LAWS(MPH)-1983-9-45

SOHDEEN BAIGA Vs. STATE OF MADHYA PRADESH

Decided On September 23, 1983
SOHDEEN BAIGA Appellant
V/S
STATE OF MADHYA PRADESH Respondents

JUDGEMENT

(1.) The applicant has furnished a surety bond of Rs. 1,000/- on 12-6-1979 before the Judicial Magistrate First Class, Mandla for continued appearance of accused Tulsiram who was being tried for offence under Section 436 of the Indian Penal Code. It appears that bail was granted to the said Tulsiram by an order 11-6-1979 passed by the Additional Sessions Judge, Mandla and consequent upon that order the appellant furnished bond as stated above. Since the bail bond was executed Tulsiram was released on bail. Thereafter, Tulsiram continued to appear before the Judicial Magistrate upto UHO-1979. On 18-10-1979 the case was committed to Sessions and Tulsiram was directed to appear before the Sessions Judge on 25-10-1979. On 25.10.1979 he did not appear. Thereafter, it appears that the bond furnished by him was forfeited. On 30-10-1979 a show cause notice purporting to be under section 446 (1) of the Code of Criminal Procedure was ordered to be issued to the appellant requiring him to show cause why he should not be required to pay the amount of bond furnished by him. The appellant submitted two replies and thereafter the impugned order has been passed on 29-11-1979 requiring him to pay the entire amount of Rs. 1,000/r. The present appeal is directed against this order.

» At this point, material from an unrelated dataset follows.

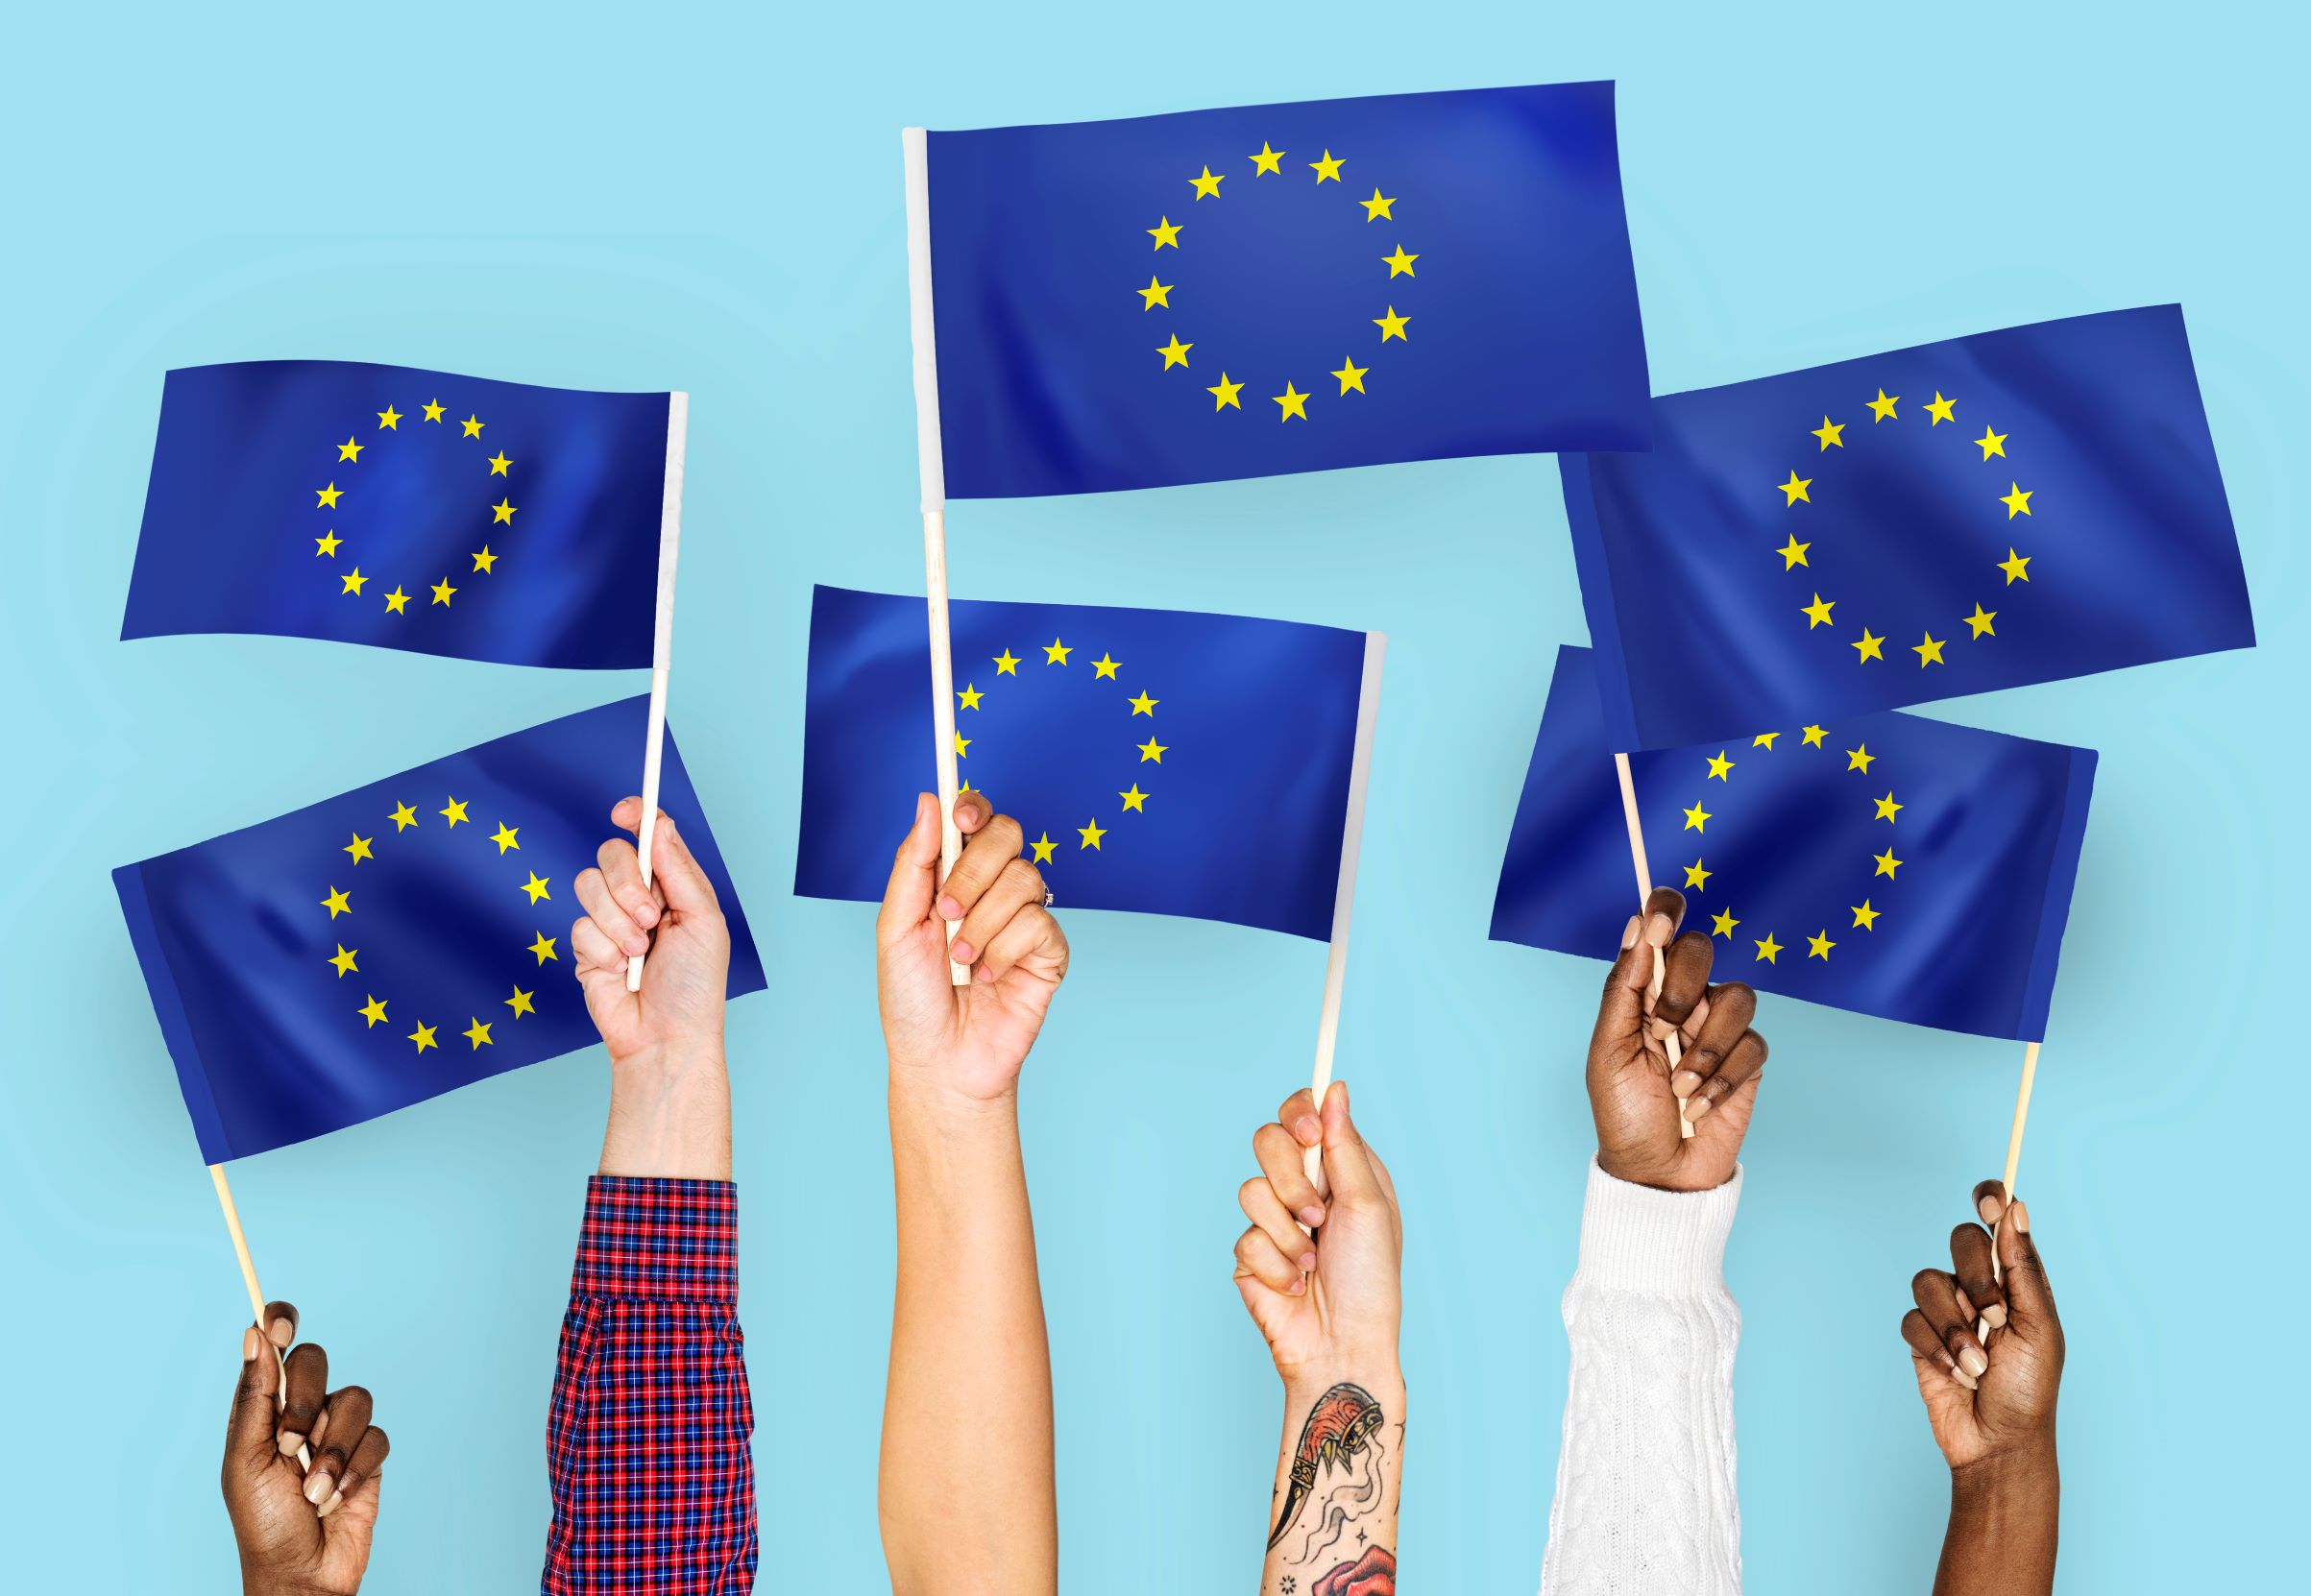 طرق وشروط الحصول على الإقامة في دول الاتحاد الأوروبي عن طريق الاستثمار- التأشيرة الذهبية

(2.) The learned counsel first submitted that there was no bond in the eye of law and hence there was no obligation on the part of accused Tulsiram to appear before the Sessions Court on 25-10- 1979. I am unable to accept the argument. Accused Tulsiram, by the very condition of the bond, was bound to appear before the Judicial Magistrate and in fact, so appeared on several dates. He was also bound to appear before the Sessions Court on 25-10-1979 because of the directions given by the Judicial Magistrate. A bond is required to be given under section 446, Criminal Procedure Code, not only to appear before the Magistrate before whom such a bond is furnished but also for appearing before all other Courts to whom the case is transferred. Though the bond itself does not contain that the appellant had undertaken to keep the accused present before the Judicial Magistrate only, the bond is to be read in the context of section 446(1), Code of Criminal Procedure imposing the obligation to keep the person present even before the Sessions Judge. I however, find that the bond is not happily worded. A printed form has been used by the appellant for the purpose. It is because of this printed form that argument is being made in this Court. That it is not enforceable by the Sessions Court. The Court accepting surety bond should remember that they do not encourage practice of furnishing surety bonds in the present manner and style, but should see that the bond contains all details to bind the accused person to appear in all Courts where his presence may be required in the case concerned. Lot of time of this Court would be saved by adopting this method it was also to be realized by he persons furnishing surety bond that they are taking the accused person from the custody of the Court on the basis of the bond furnished by them. In the absence of a valid bond the legality of their taking away the accused person would become doubtful. They may even expose themselves to a charge of misleading the Court by furnishing illegal bond and taking away accused from lawful custody of the Court in an illegal manner. In order to avoid these complications it is in their own interest to furnish bond, as required by law.

(3.) The question however is whether the impugned order forfeiting the entire amount of the surety bond of Rs. 1,000/- is legal and justified. In reply to show cause notice it was submitted by the appellant that he had requested the accused to accompany him to the Court on 25-10-1979 and the accused had pleaded his povery for defraying the expenses of the appellant but had promised to attend the Court even without him. The appellant had also pleaded that he had helped police authorities in getting the accused person arrested. His further plea was that he was a marginal farmer and not in a position to pay the amount. None of these pleas have received any consideration from the learned Sessions Judge. A bald statement that does not permit this Court to examine the legality or validity of the order. It should be realized that the order is in fact penal in nature and has to be passed after considering all facts and circumstances of the case. It should appear from the order itself that mind has been applied to facts and circumstances and only thereafter the necessary conclusion has been reached. In the absence of these reasons the impugned order does not satisfy the requirement of section 446 of the Code of Criminal Procedure. It has therefore to be declared illegal.